OwlgresLubm3x - ConstantB/ontop-spatial GitHub Wiki
Owlgres is a prototype of an Triple Store/SPARQL end-point that uses query rewriting technology to support OWL 2 QL semantics. Developed stopped to focus on the development of Stardog, Clark & Parsia native store that imports technology from Owlgres. Rome reported that Owlgres is incomplete w.r.t.
DL-Lite formal semantics because it doesn't rewrite with respect to existential. This is still compatible with the "official" SPARQL semantics over OWL 2 QL ontologies since they removed existential variables.
We used LUBM3x-lite. We checked the ontology using:
sh/expchk --explain --tbox data/lubm3x-lite-rdfxml.owlThis returned errors like this:
FRAGMENT ERROR: No support for axiom OWLClassAssertionAxiom On OWL Axiom: Type(telephone1xx DataProperty)
The problem where the following kind of axioms:
<owl:DataProperty rdf:about="#email"> <rdfs:subPropertyOf rdf:resource="#email1xx"/> </owl:dataproperty>
These generate axioms of the form email1xxx rdf:type DataProperty which are not supported by owlgres. To fix this one needs to remove any references to DataProperty unless needed.
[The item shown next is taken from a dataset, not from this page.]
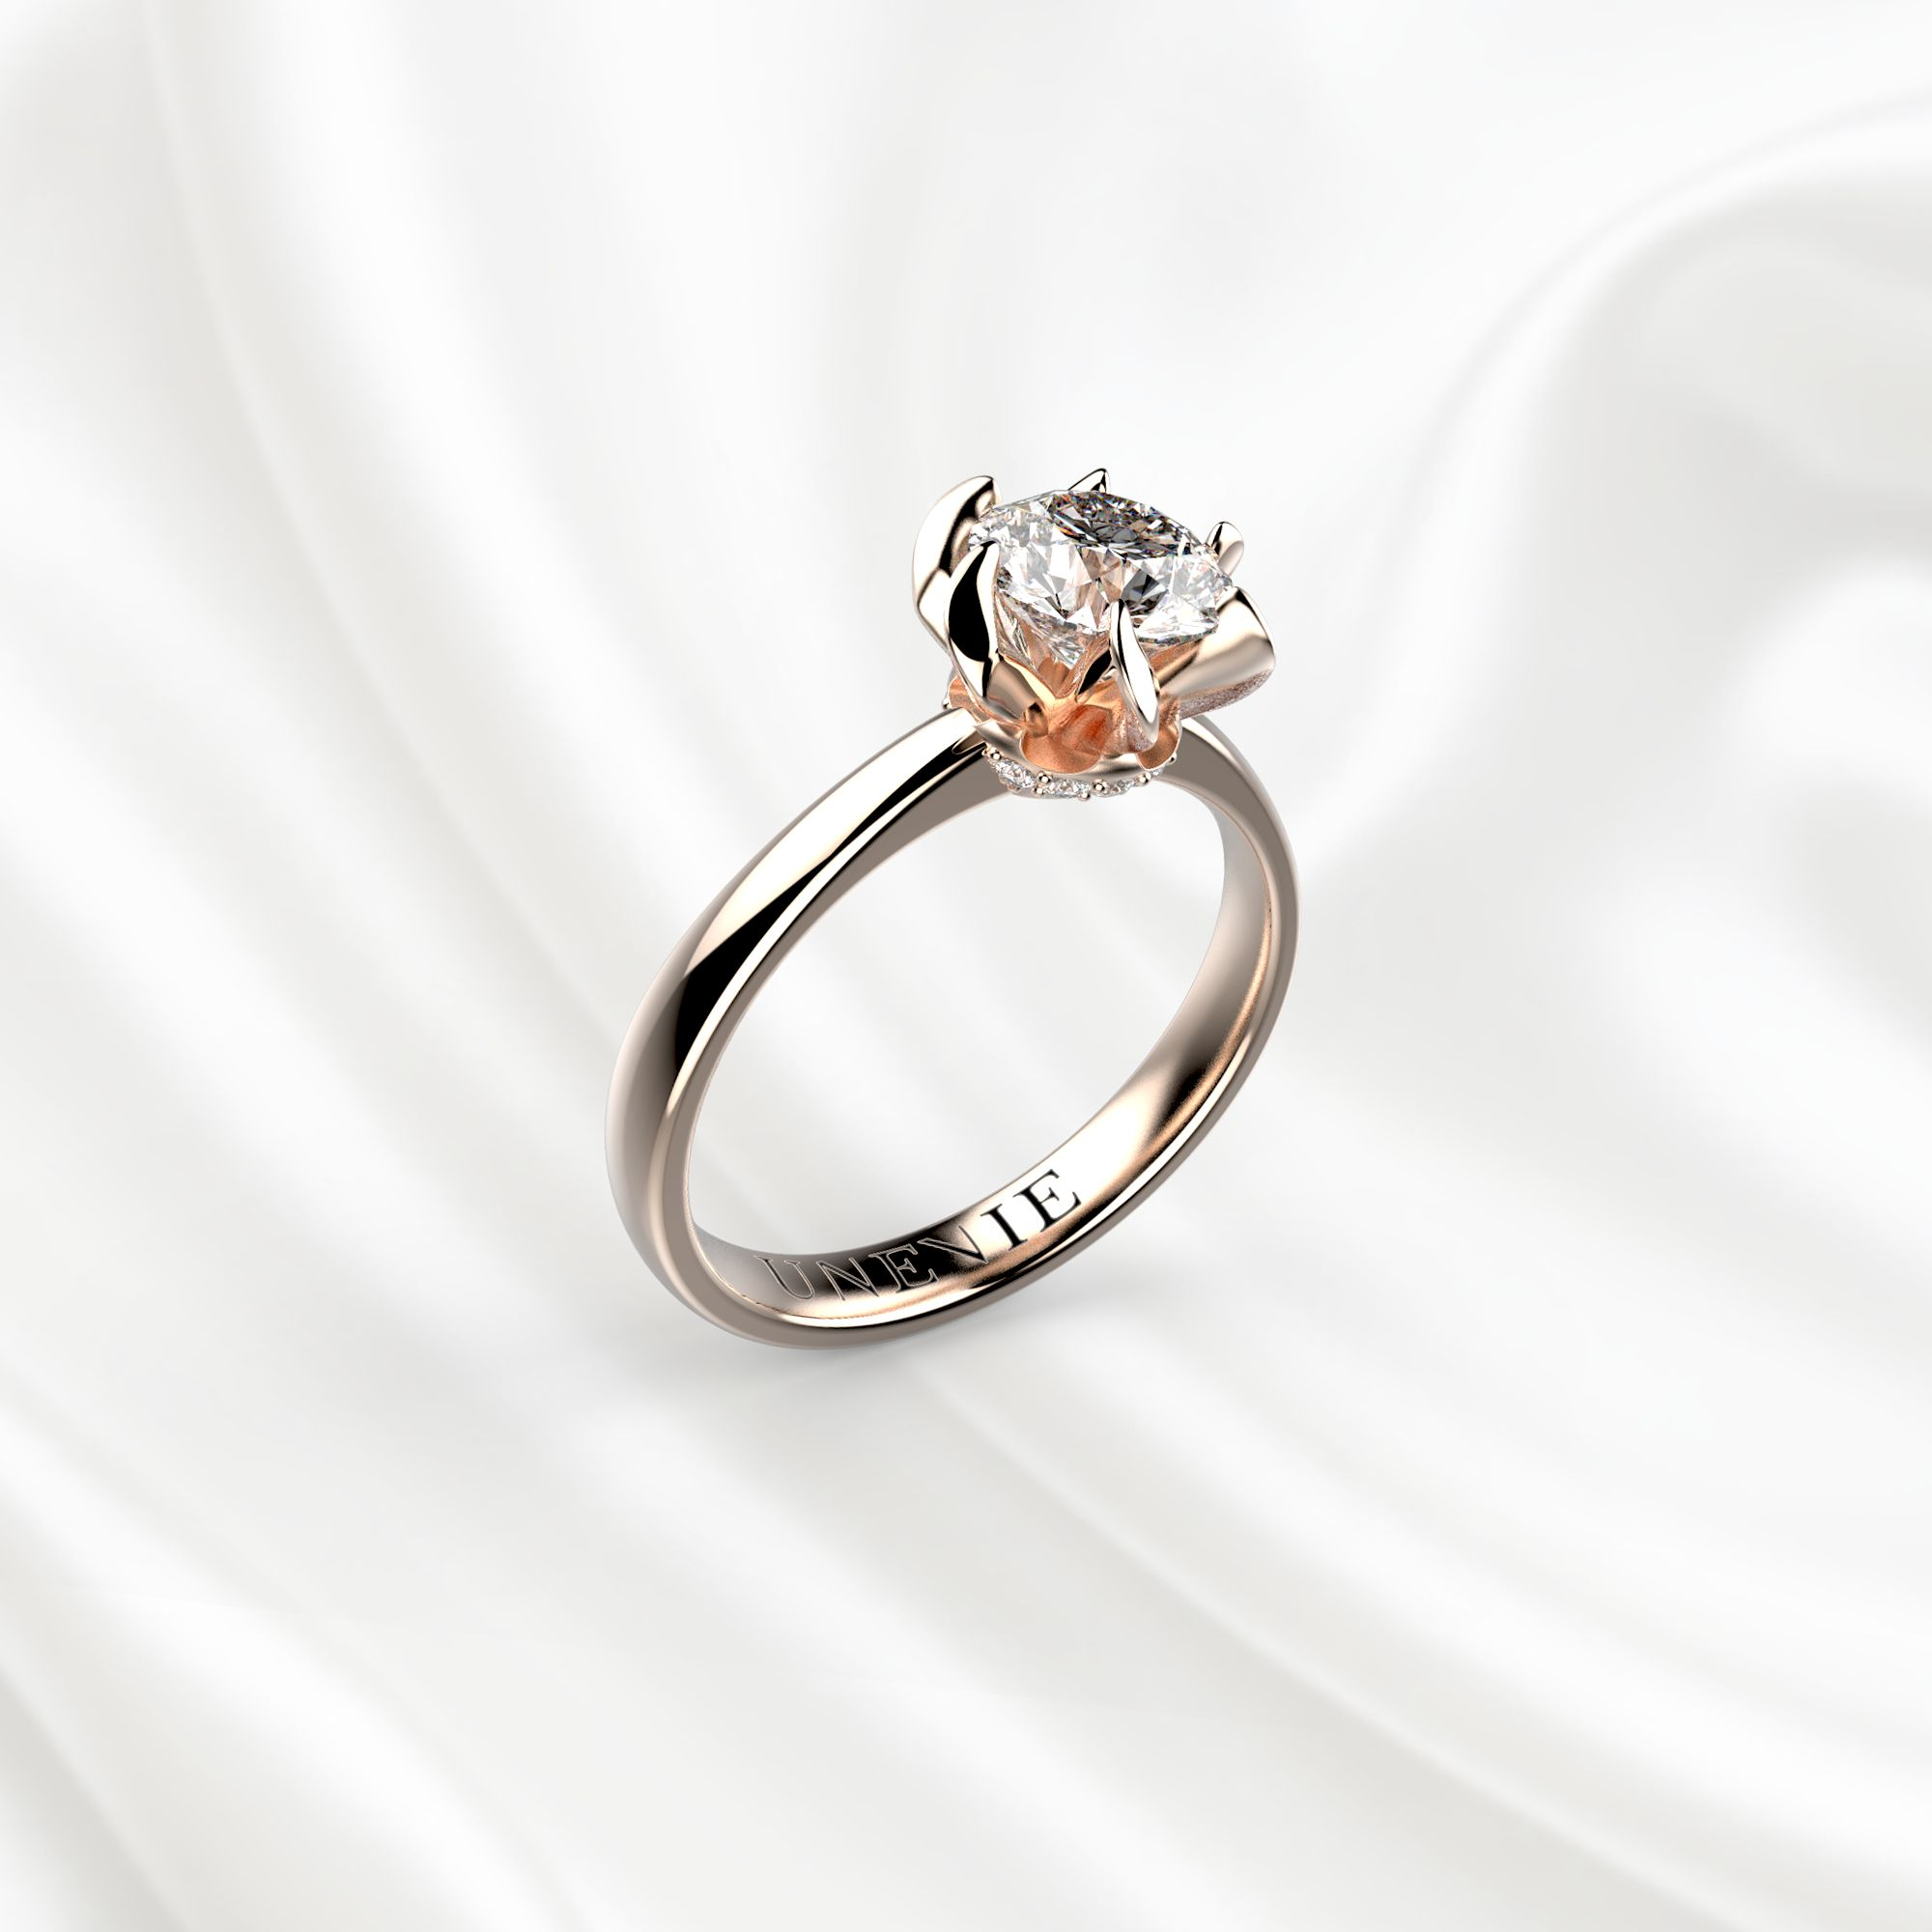 N11 Помолвочное кольцо из розового золота с бриллиантом 0.7 карат

We did the following, we replaced the previous examples with:
That had to be replaced with
<rdf:Description rdf:about="#$1"> <rdfs:subPropertyOf rdf:resource="#$2"/> </rdf:description>
and then replaced any string owl:DataProperty with rdf:Description.
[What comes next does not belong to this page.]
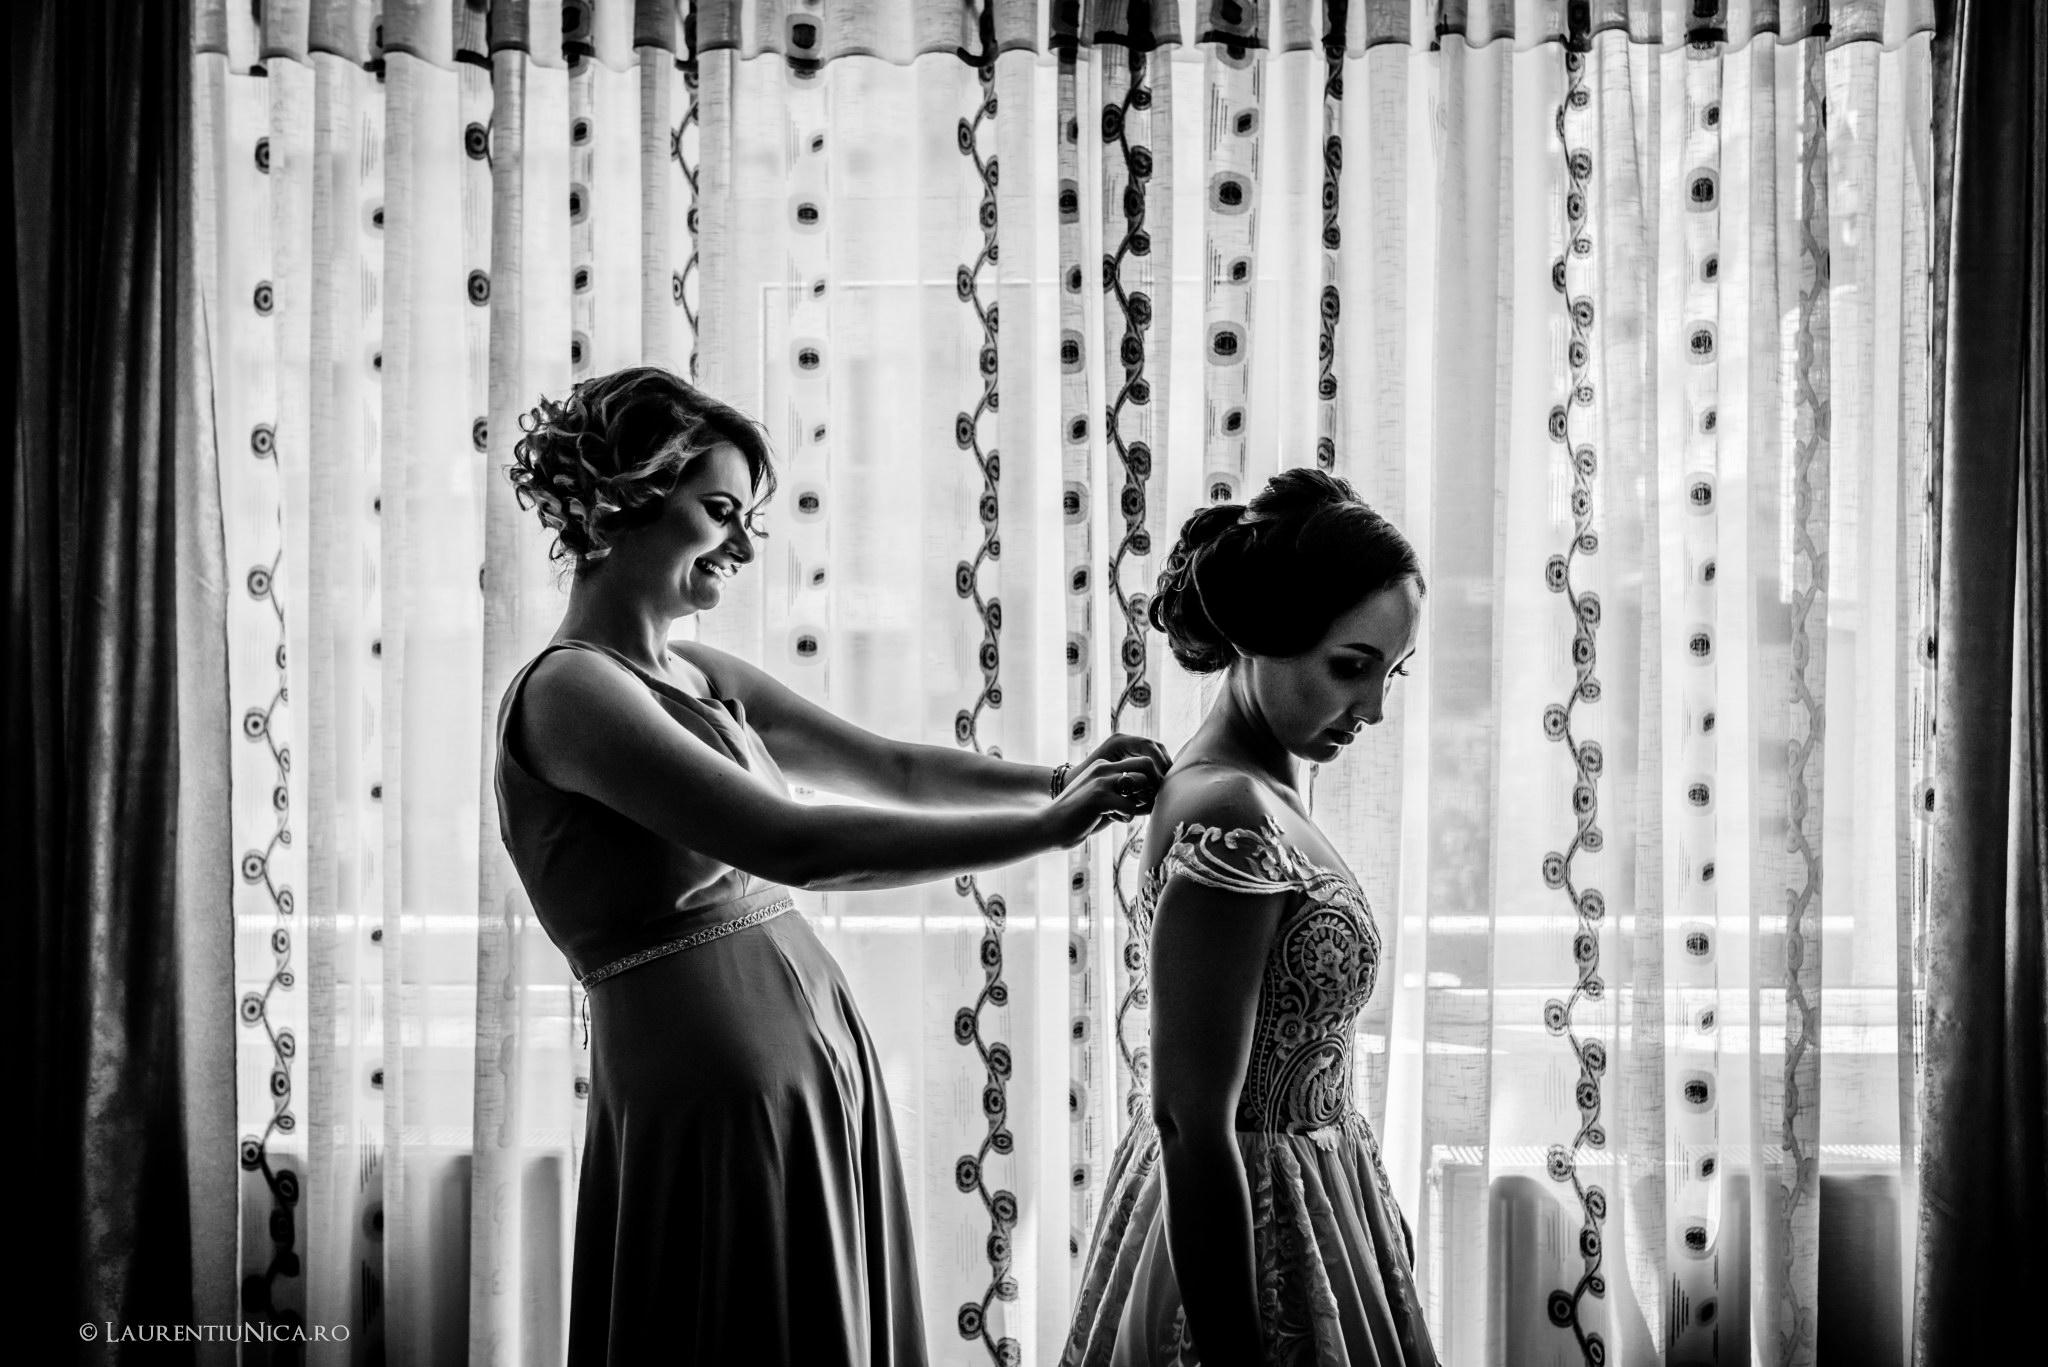 daiana si madalin fotograf nunta laurentiu nica targu jiu gorj 08 - Daiana & Madalin | Fotografii nunta | Targu-Jiu | Gorj

To merge each university into a single nt file we used the following bash script:
#sh #!/bin/bash echo "Generating nt files" for i in {0..49} do echo "Doing uni $i to RDFXML" rdfcat -out RDF/XML -t university-data-$i.nt > university-data-$i.rdf done
To load the data we use this script
#sh #!/bin/bash echo "creating database" sh/create --db lubm50owlgres --user postgres --passwd obdaps83 --tbox data/lubm3x-lite-rdfxml.owl echo "Generating nt files" for i in {0..49} do echo "Doing uni $i to RDFXML" time sh/load --db lubm50owlgres --user postgres --passwd password --abox /Users/mariano/Documents/Archive/Work/projects/semantic-index/uba1.7/lubm100/university-data-$i.rdf done
And execute it with this command to get a full log
( time ./loadall ) >loadlog.log 2>&1
The loop for one ontology looks like this:
Doing uni 49 to RDFXML WARN [main] (ABoxOnlyConsumer.java:138) - Ignoring statement with unknown predicate (lit): [http://www.Department11.University49.edu/UndergraduateStudent215, http://www.lehigh.edu/~zhp2/2004/0401/univ-bench.owl#name, UndergraduateStudent215] WARN [main] (ABoxOnlyConsumer.java:138) - Ignoring statement with unknown predicate (lit): [http://www.Department11.University49.edu/UndergraduateStudent215, http://www.lehigh.edu/~zhp2/2004/0401/univ-bench.owl#emailAddress, [email protected]] WARN [main] (ABoxOnlyConsumer.java:138) - Ignoring statement with unknown predicate (lit): [http://www.Department11.University49.edu/UndergraduateStudent215, http://www.lehigh.edu/~zhp2/2004/0401/univ-bench.owl#telephone, xxx-xxx-xxxx] WARN [main] (ABoxOnlyConsumer.java:138) - Ignoring statement with unknown predicate (lit): [http://www.Department5.University49.edu/FullProfessor0, http://www.lehigh.edu/~zhp2/2004/0401/univ-bench.owl#researchInterest, Research16] INFO [main] (ABoxOnlyConsumer.java:148) - 10000 statements read INFO [main] (ABoxOnlyConsumer.java:148) - 20000 statements read INFO [main] (ABoxOnlyConsumer.java:148) - 30000 statements read INFO [main] (ABoxOnlyConsumer.java:148) - 40000 statements read INFO [main] (ABoxOnlyConsumer.java:148) - 50000 statements read INFO [main] (ABoxOnlyConsumer.java:148) - 60000 statements read INFO [main] (ABoxOnlyConsumer.java:148) - 70000 statements read INFO [main] (ABoxOnlyConsumer.java:148) - 80000 statements read INFO [main] (ABoxOnlyConsumer.java:148) - 90000 statements read INFO [main] (ABoxOnlyConsumer.java:148) - 100000 statements read KB is consistent. ABox load successful. real 0m56.819s user 0m11.880s sys 0m2.867s
Note that it is possible that some data assertions where ignored because of the fixes in the TBox, in particular, some properties are not recognized as data properties. To fixed this, we made sure every data property declaration looked like this:
<rdf:Description rdf:about="#emailAddress"> <rdf:type rdf:resource="http://www.w3.org/2002/07/owl#DatatypeProperty"/> <rdfs:label >can be reached at</rdfs:label> <rdfs:domain rdf:resource="#Person"/> </rdf:description>
Owlgres schema is very similar to that of Quest, it uses "Universal" tables for classes and properties. In particular, it uses 3 of these tables, one for concept assertions, one for object property assertions and one for data property assertions. Additionally, quest stores the TBox assertions in the database, as well as a map from URI string to integer ID. The URI map is done for ALL URIs mentioned in the input, TBOX URI's are processed during the creation of the repository, individual URIs are generated during data loading.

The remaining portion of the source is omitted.